# Chapter 6

### Using bidirectional RNNs

A bidirectional RNN is a common RNN variant that can offer greater performance than a regular RNN on certain tasks. It’s frequently used in natural-language processing—we
could call it the Swiss Army knife of deep learning for natural-language processing.

RNNs are notably 
* order dependent, or 
* time dependent: 

They process the timesteps of their input sequences in order
* Shuffling or reversing the timesteps can completely change the representations the RNN extracts from the sequence. 
* This is precisely the reason they perform well on problems where order is meaningful, such as the temperature-forecasting problem.

A bidirectional RNN exploits the order sensitivity of RNNs: it consists of using two regular RNNs, such as the `GRU` and `LSTM` layers, each of which processes the input sequence in one direction (chronologically and antichronologically), and then merging their representations. 

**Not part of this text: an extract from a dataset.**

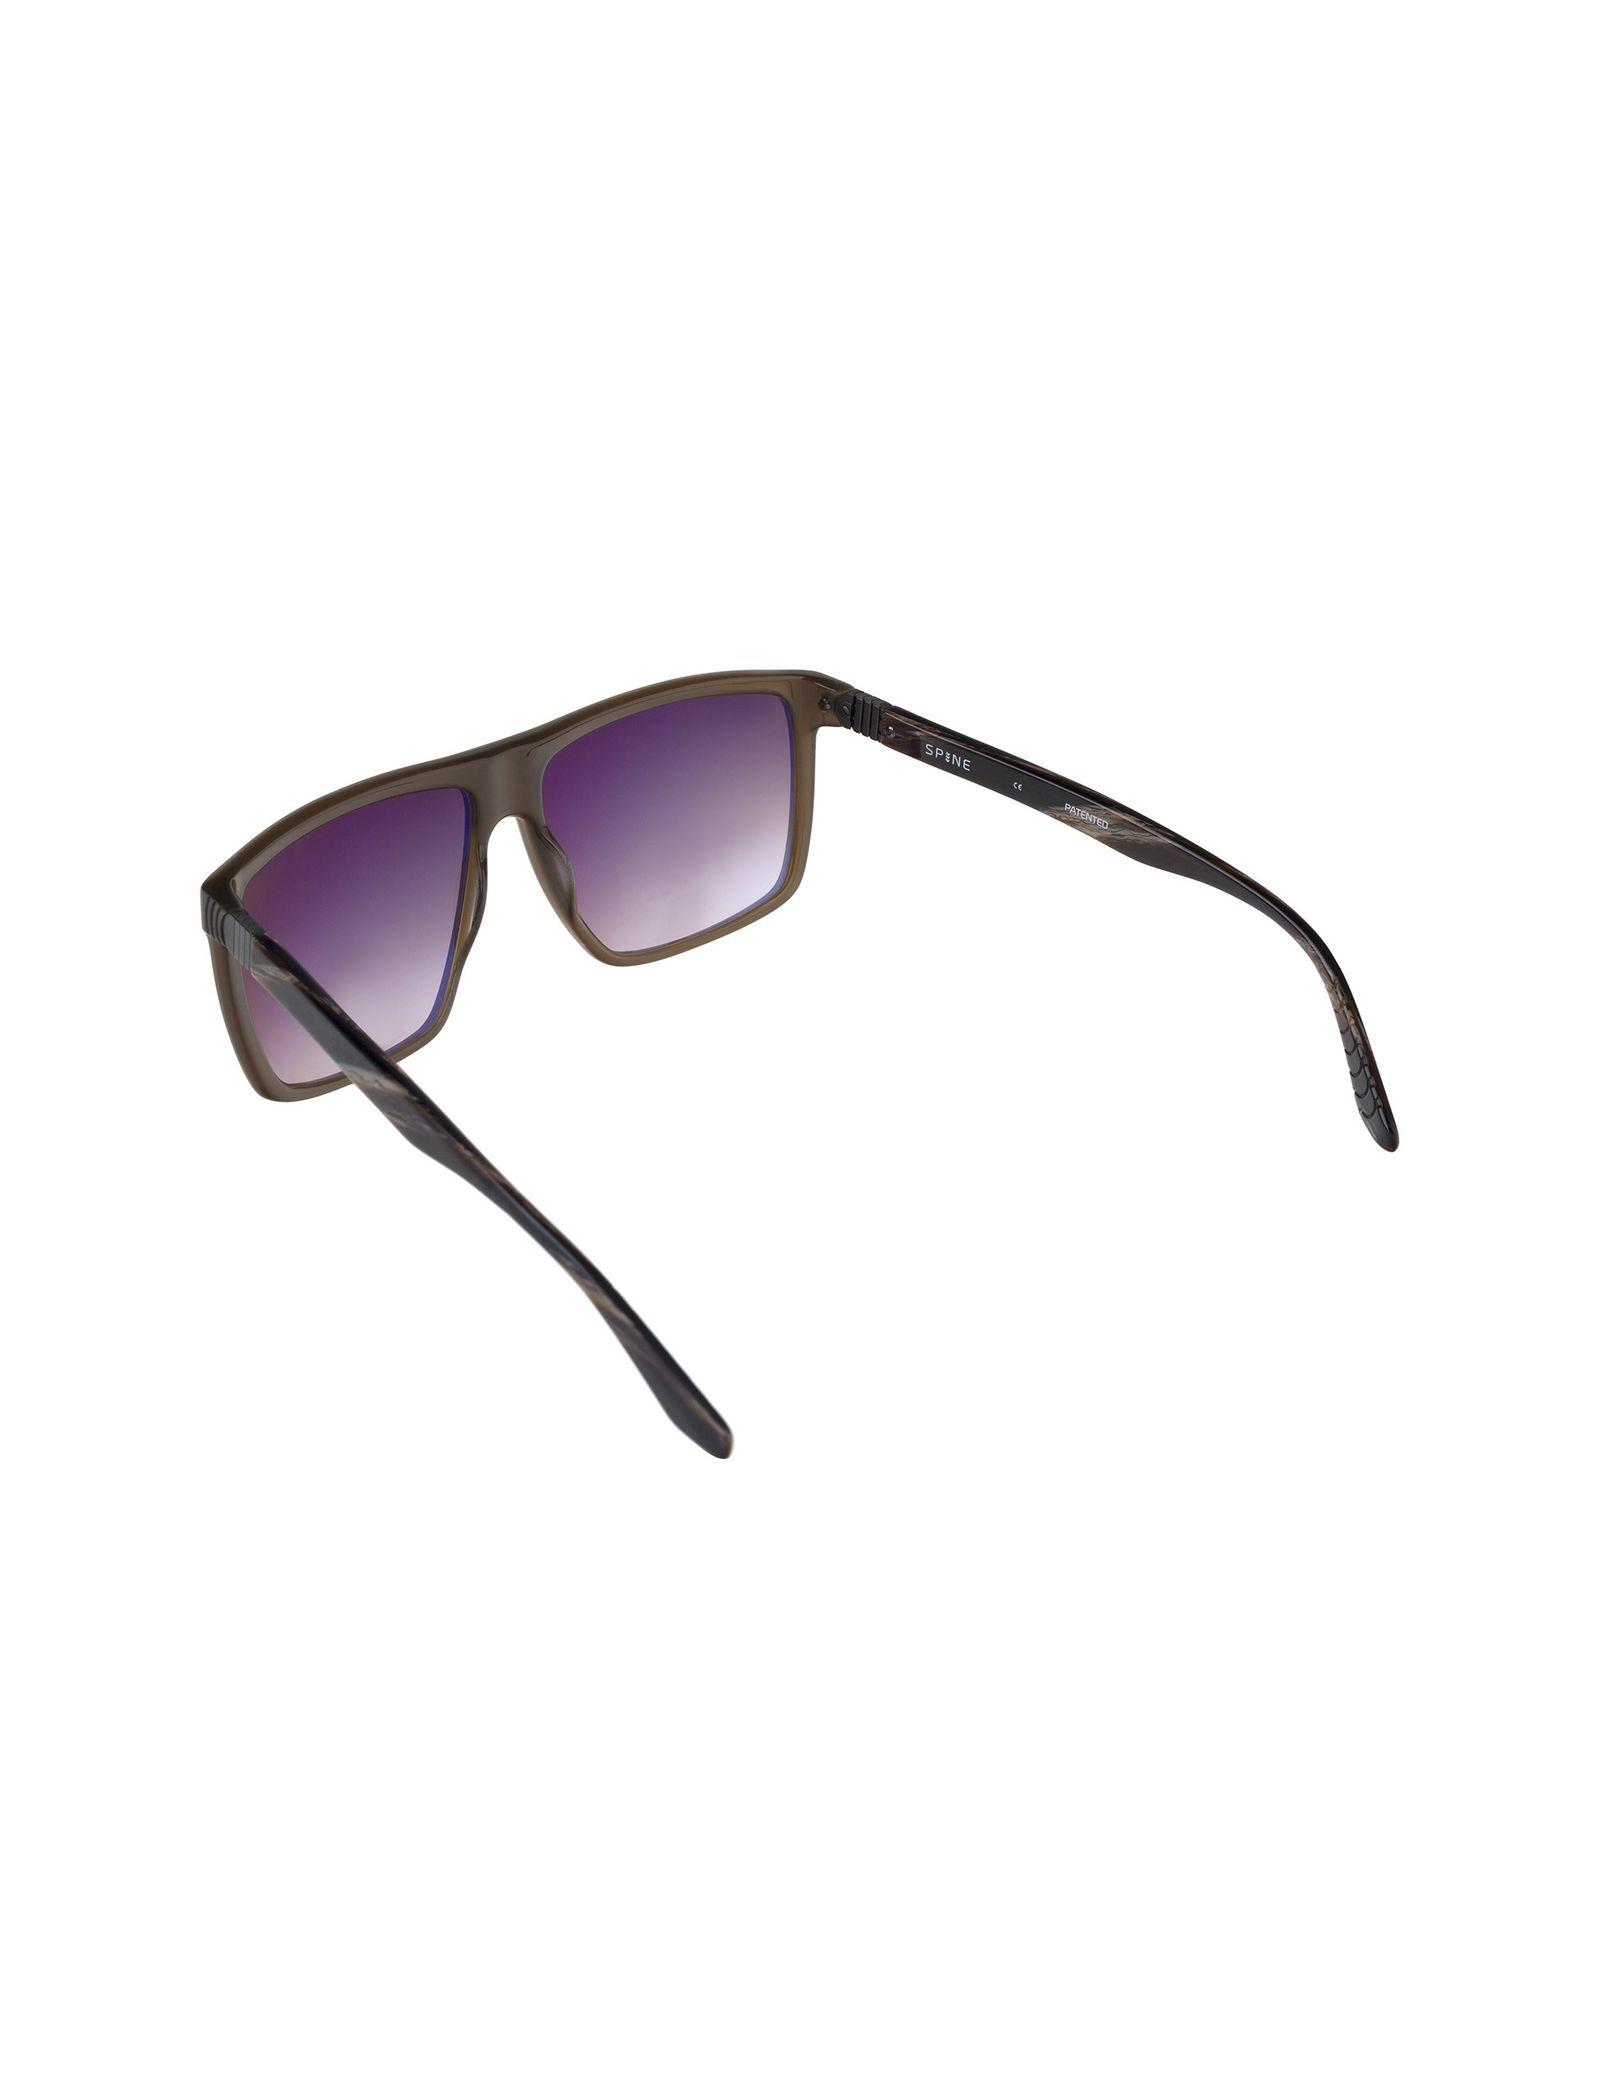 عینک آفتابی ویفرر مردانه - اسپاین - قهوه اي شفاف - 4

By processing a sequence both ways, a bidirectional RNN can catch patterns that
may be overlooked by a unidirectional RNN. Remarkably, the fact that the RNN layers have processed sequences in chronological order (older timesteps first) may have been an arbitrary decision. At least, it’s a decision we made no attempt to question so far. 

Could the RNNs have performed
well enough if they processed input sequences in antichronological order, for instance
(newer timesteps first)? Let’s try this in practice and see what happens. 

All we need to do is write a variant of the data generator where the input sequences are reverted along the time dimension (replace the last line with `yield samples[:, ::-1, :], targets`).
Training the same one-GRU-layer network that we used earlier, we get the results shown in figure below.

![image.png](attachment:image.png)

The **reversed-order GRU** strongly underperforms even the common-sense baseline,
indicating that in this case, chronological processing is important to the success of our
approach. 

This makes perfect sense: 
* The underlying GRU layer will typically be better at
remembering the recent past than the distant past, and naturally the more recent
weather data points are more predictive than older data points for the problem (that’s
what makes the common-sense baseline fairly strong). 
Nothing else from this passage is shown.